*Instructions to follow*:
In your copy, leave out the pictures; write out all the data exactly.

*Material provided*:
::::

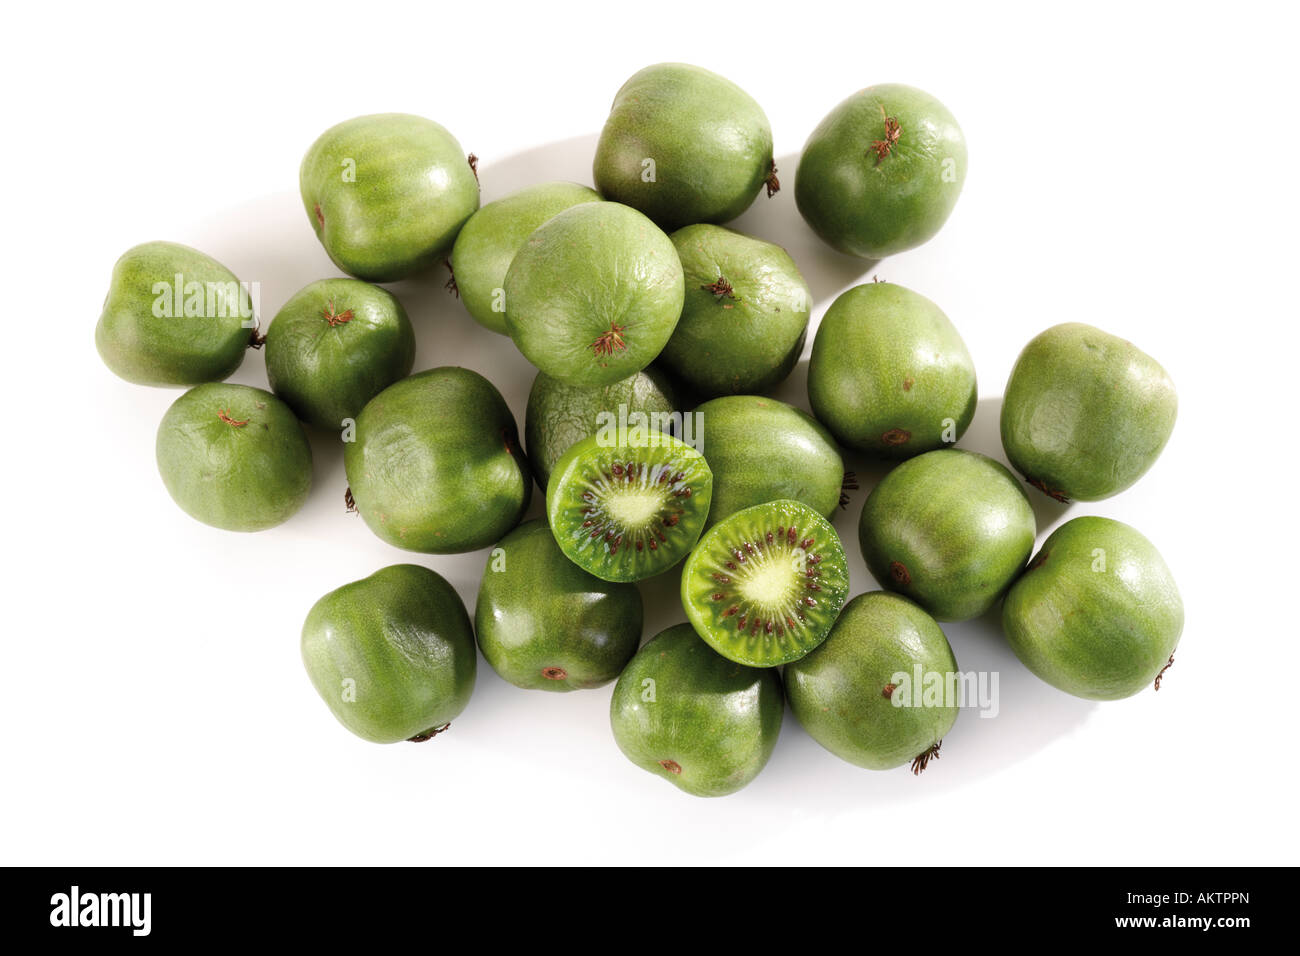 Whole and halved kiwi fruits, close-up Stock Photo
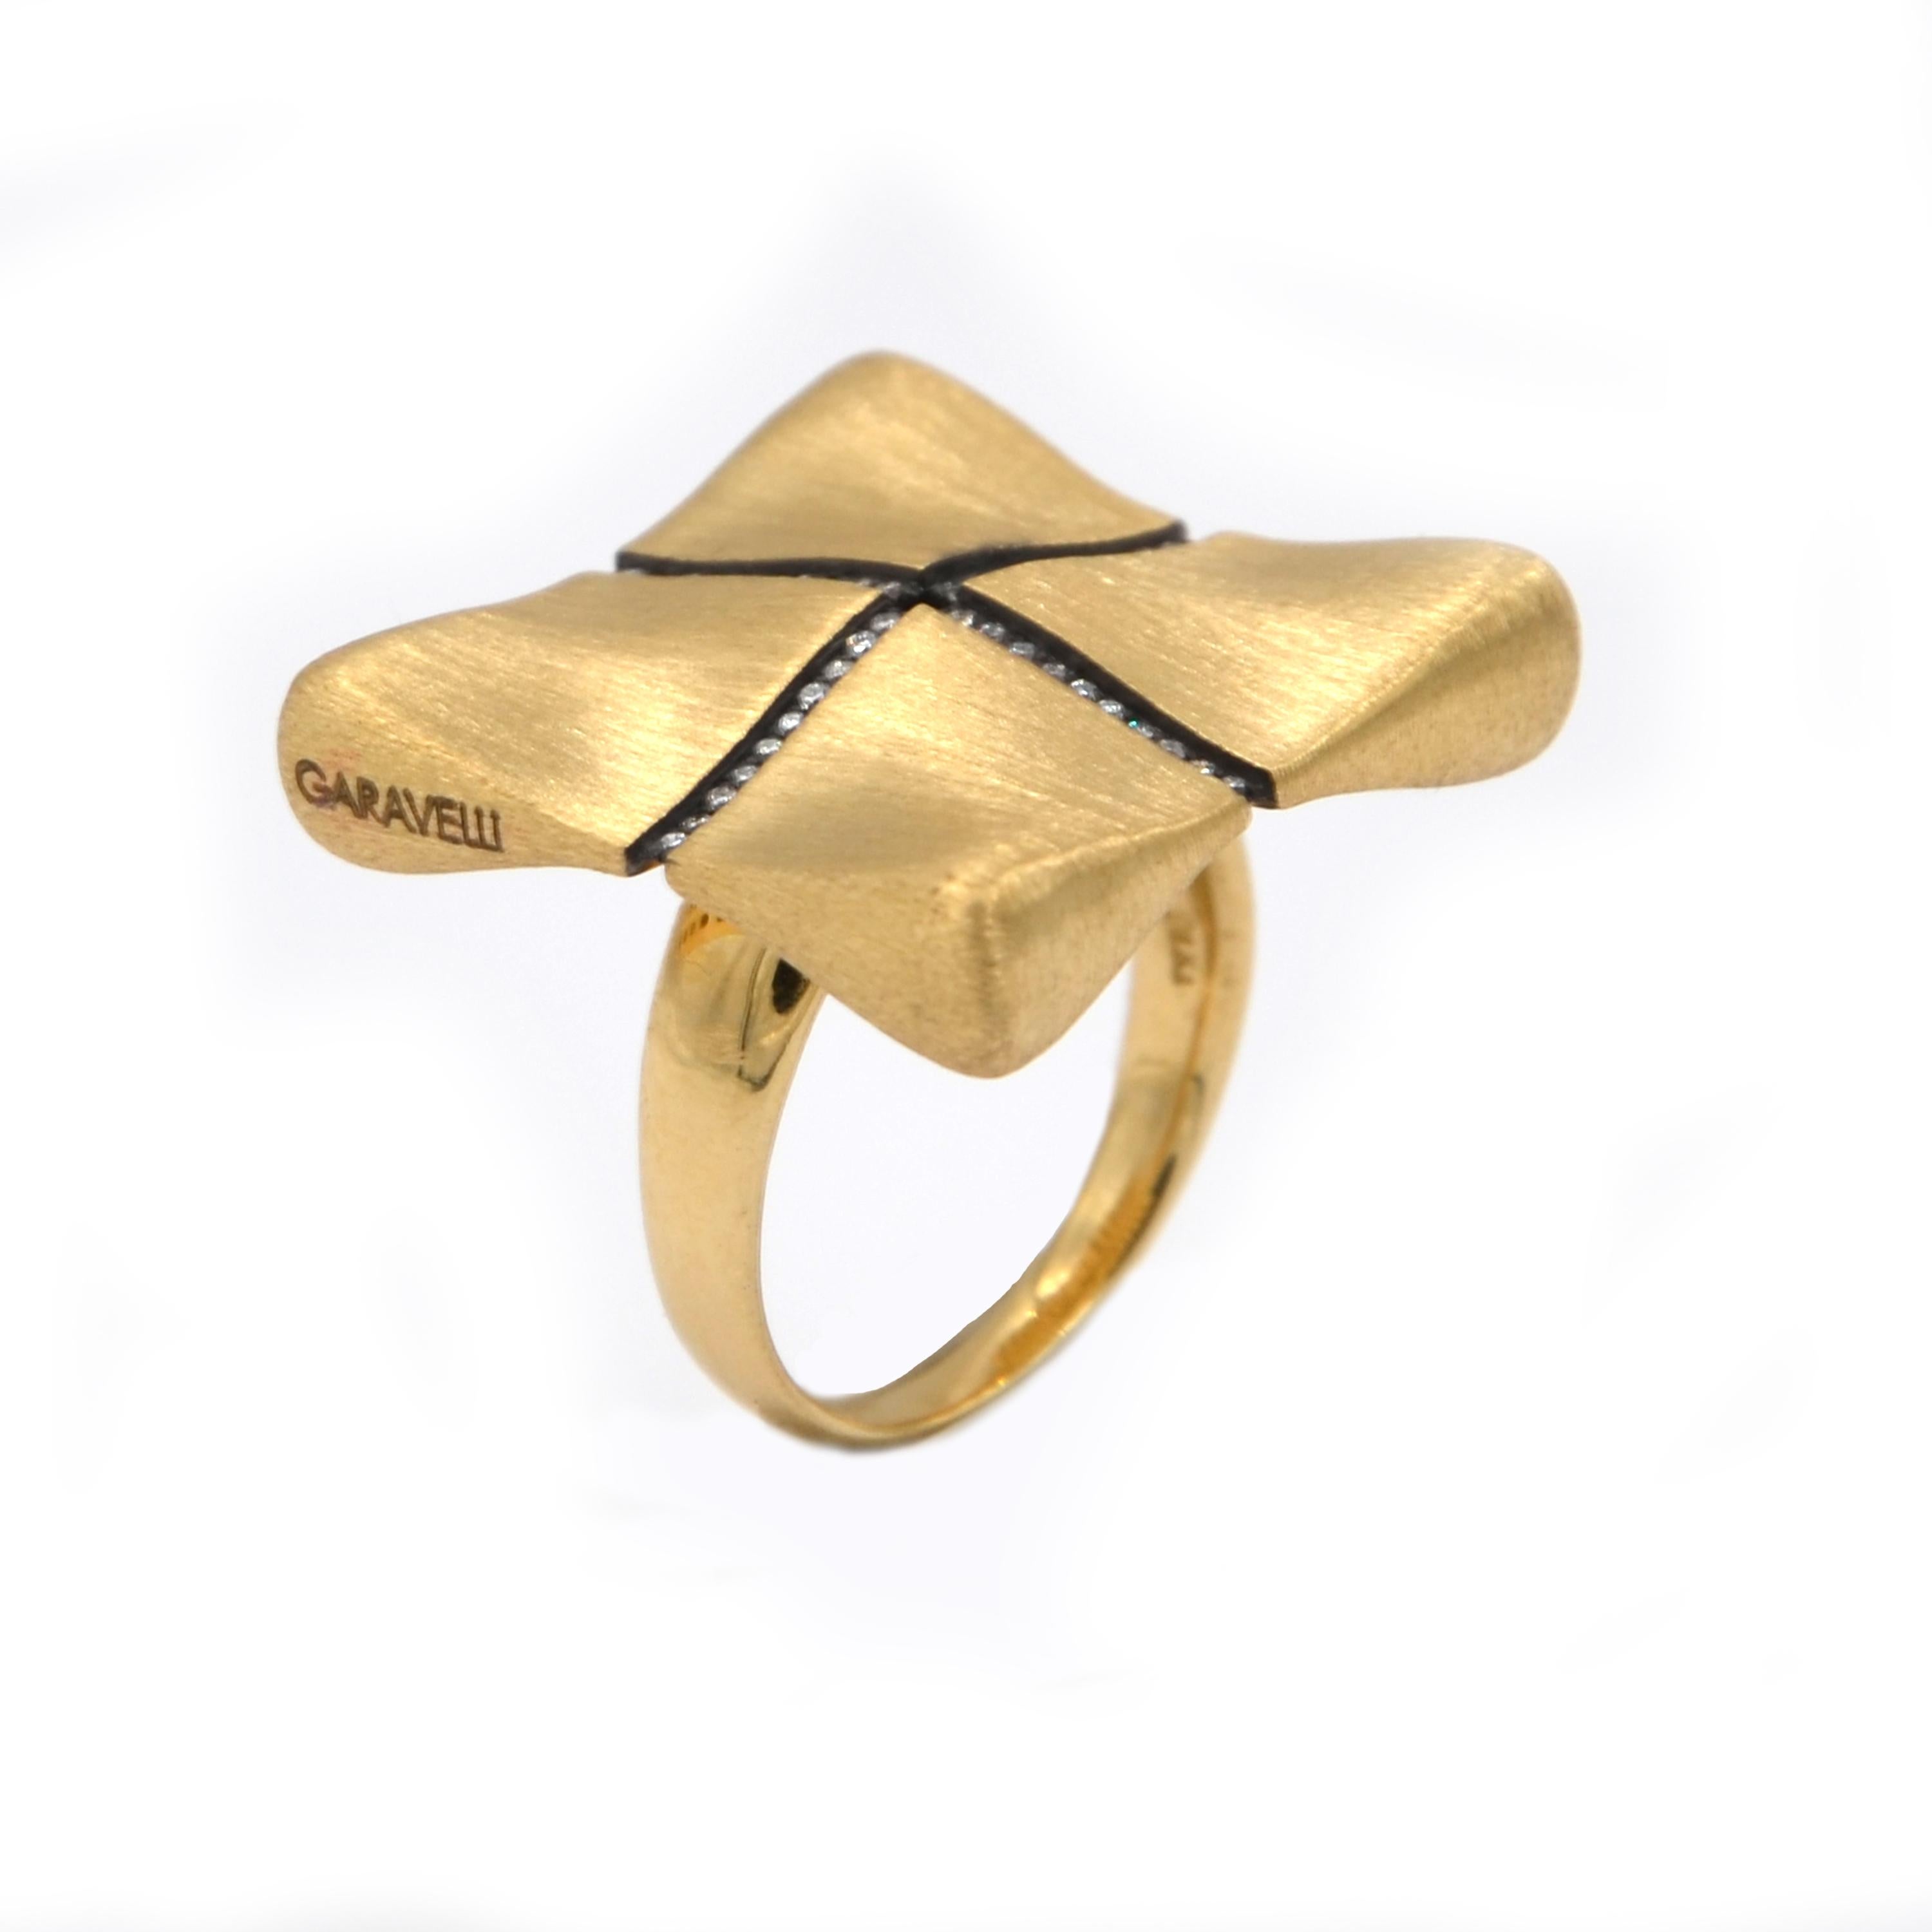 Garavelli 18 Karat Rose Gold White Diamonds Award Collection Ring 2
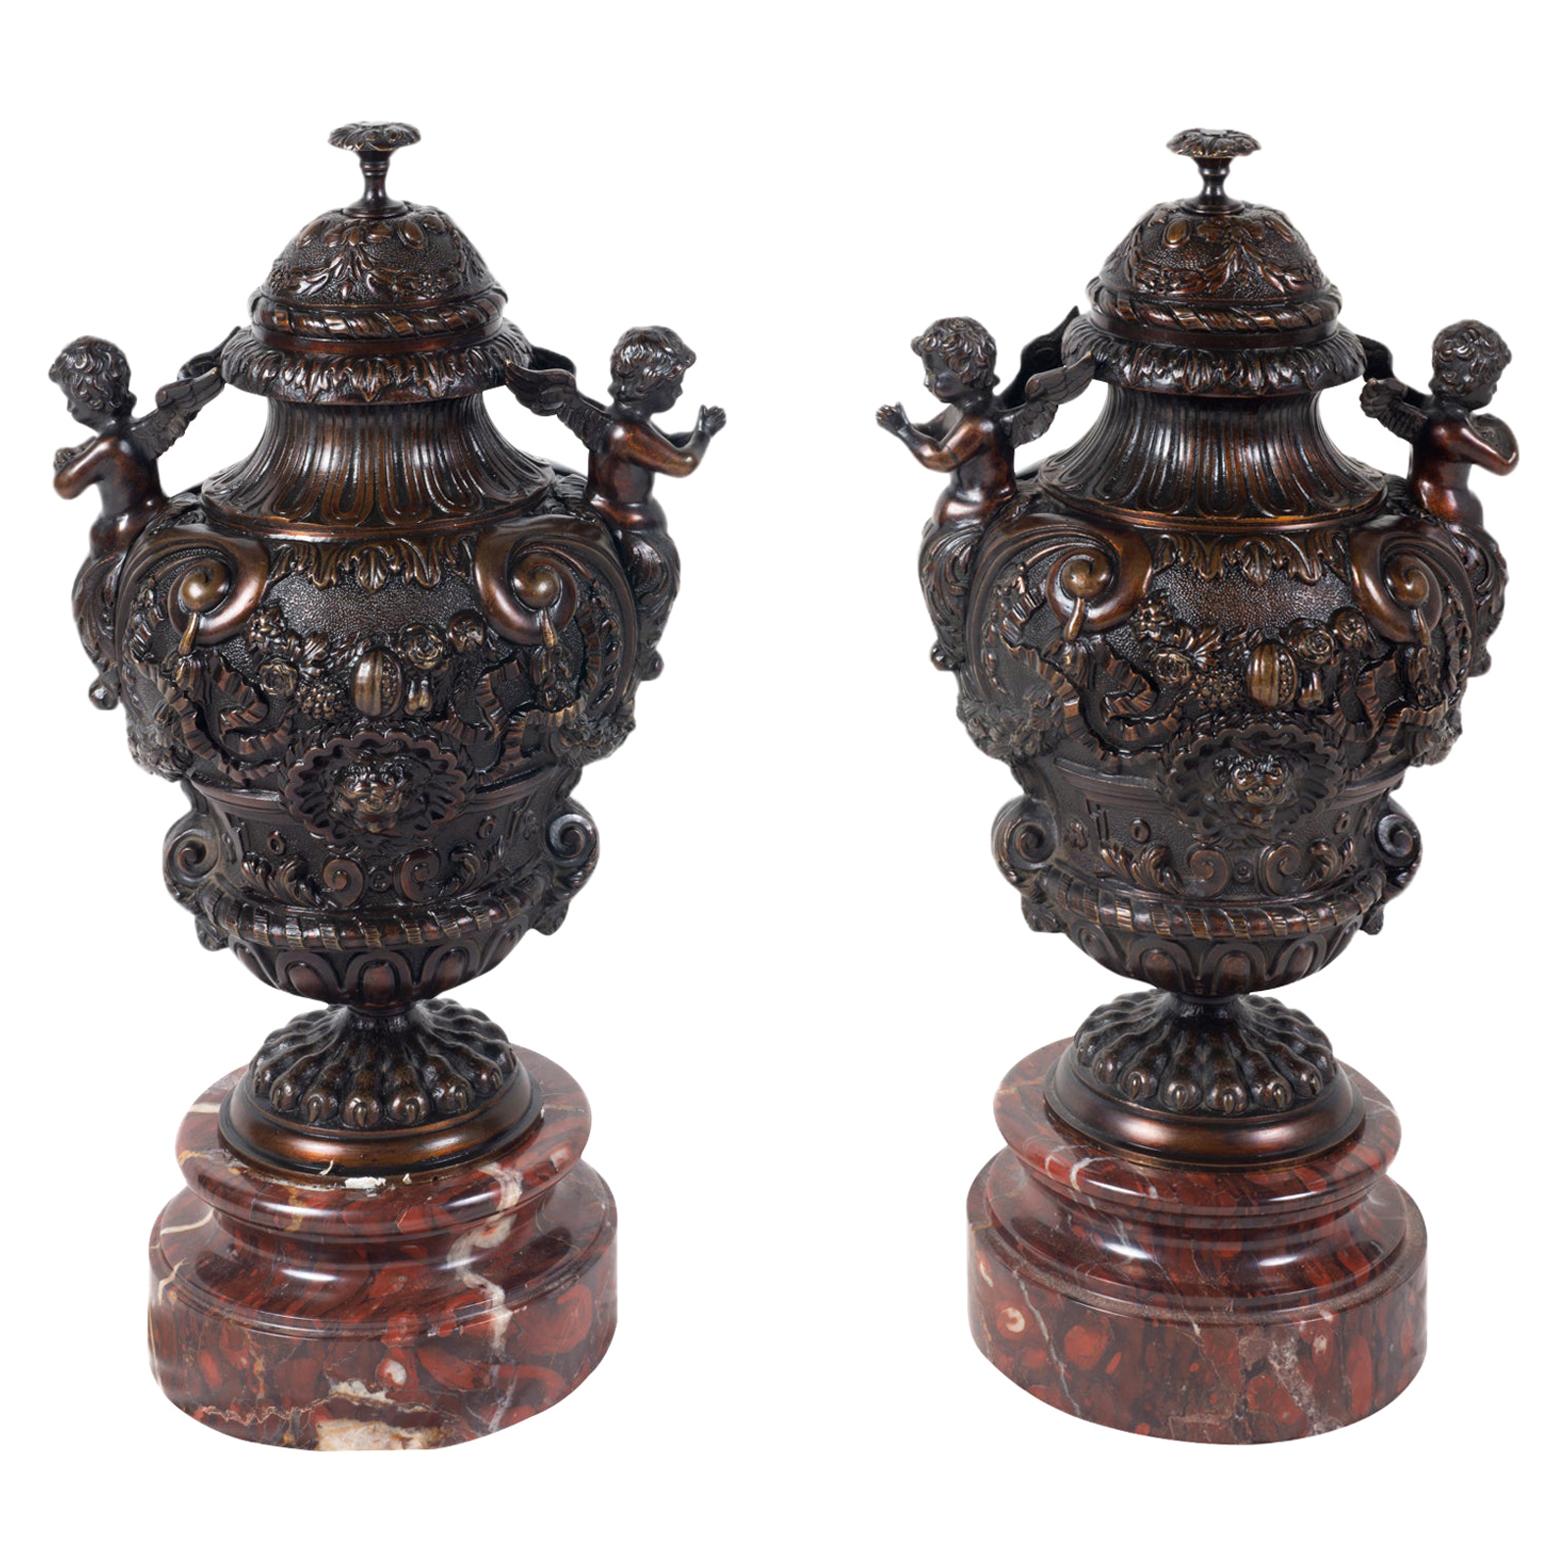 Pair of Classical 19th Century Bronze Urns
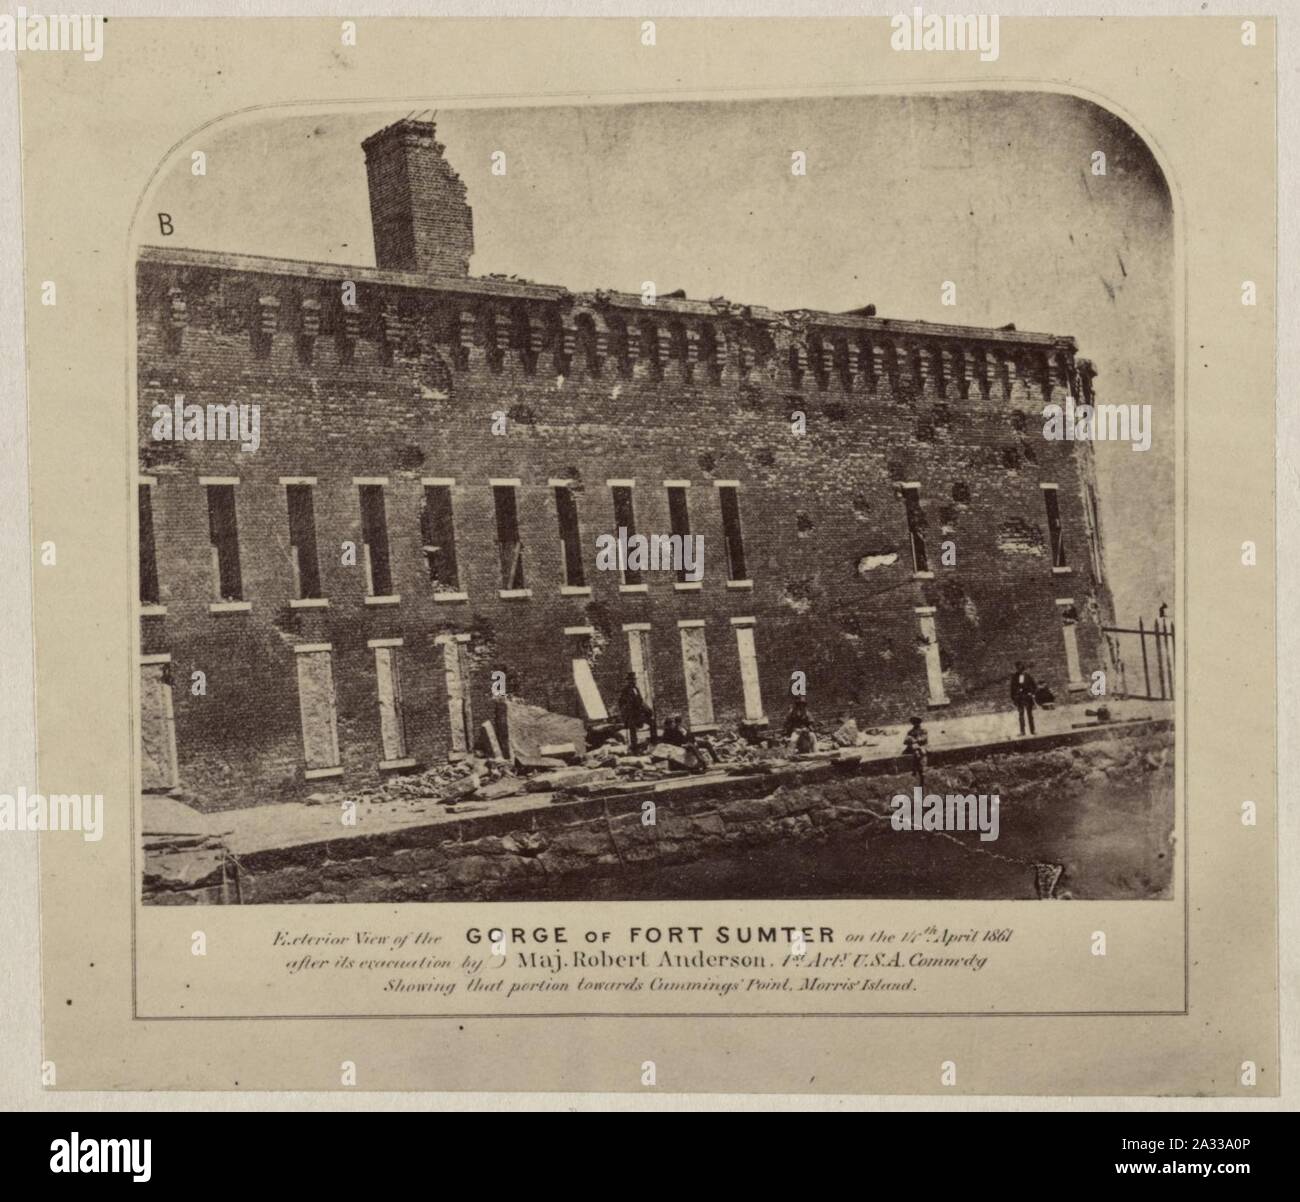 Vista esterna della gola di Fort Sumter il 14 aprile 1861 dopo la sua evacuazione mediante il Mag. Robert Anderson Arty 1a. U.S.A. Commdg mostra che la porzione verso Cummings' Point, Morris' Foto Stock

::::

*Reply to the task*:
 Whole and halved kiwi fruits, close-up Stock Photo
 Garavelli 18 Karat Rose Gold White Diamonds Award Collection Ring 2
 Pair of Classical 19th Century Bronze Urns
 Vista esterna della gola di Fort Sumter il 14 aprile 1861 dopo la sua evacuazione mediante il Mag. Robert Anderson Arty 1a. U.S.A. Commdg mostra che la porzione verso Cummings' Point, Morris' Foto Stock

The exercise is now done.